Warfarin, as an anticoagulant, is frequently applied to prevent thromboembolism in cases of deep vein thrombosis, atrial fibrillation (AF) and cardiac valve replacement [1]. Warfarin is a racemic mixture of R-warfarin and S-warfarin, the pharmacologically active enantiomer of which are metabolized by the CYP3A4 and CYP1A2 systems and the CYP2C9 enzyme, respectively, to their inactive forms [2]. Therefore, when one enzyme system is inhibited or induced by an interacting drug, a clinically significant interaction may or may not occur, which is associated with warfarin exhibiting stereo-selective and regio-selective metabolism [2]. In elderly patients, on the other hand, warfarin may lead to comorbidities such as kidney disease, diabetes and risk of bleeding [3]. Warfarin maintenance dose is difficult to control with inadequate anticoagulation causing embolism while overdosed warfarin resulting in bleeding, which is mainly attributed to narrow anticoagulant therapeutic index and extremely individual differences in clinical efficacy and adverse reactions [4]. Currently, the effectiveness and safety in warfarin management is associated with prothrombin time and the improvement in thromboplastin reagents, which is expressed as the international normalized ratio (INR) [5]. Warfarin maintenance dose is protean resulted from multiple clinical and environmental factors, including age, gender, body weight, dietary intake, comorbidities, co-medications and variations in pharmacokinetics and pharmacodynamics [6]. Additionally, the focus of researches has altered from environmental factors to the genetic determinants of warfarin maintenance dose requirements [7-9]. Some studies have revealed the modulation of warfarin by polymorphisms in the vitamin K epoxide reductase complex 1 (VKORC1) gene [10-12].

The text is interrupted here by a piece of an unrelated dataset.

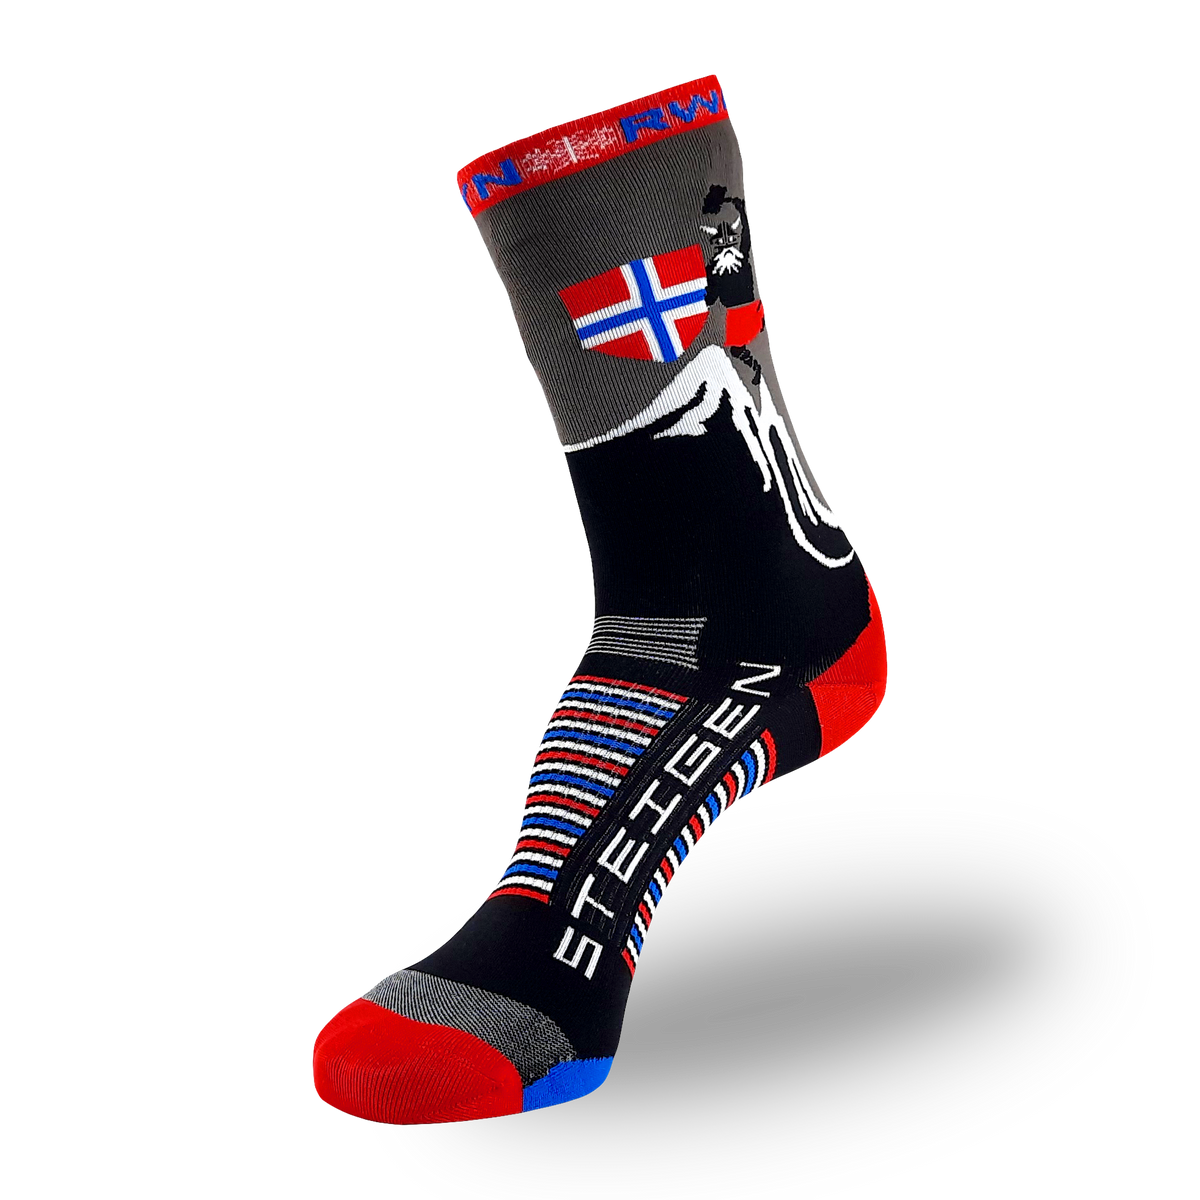 Steigen 3/4 Length Running Socks GEAR - Socks NORWAY

VKORC1 functions to recycle vitamin K 2, 3-epoxide, activating vitamin K hydroquinone, which plays a vital role in the activation of vitamin K-dependent clotting factors [13]. In addition, VKORC1 is reported to be the target of vitamin K anticoagulants, and is capable of treating several diseases with thrombotic risk, such as AF, myocardial infarction, cardiac valve replacement, stroke and venous thrombosis [14]. Some single nucleotide polymorphisms (SNPs) in VKORC1 have been documented to may cause amino acid changes of VKORC1 protein, which is associated with clinically significant differences in warfarin maintenance dose requirement [15]. Five common polymorphisms, 3730 G>A in the 3′-untranslated region, 1173 C>T in intron 1, −1639 G>A in the VKORC1 gene promoter, 1542 G>C, and 2255 T>C have been reported to have a role in the inter-individual differences of warfarin maintenance dose requirement [10,16-19].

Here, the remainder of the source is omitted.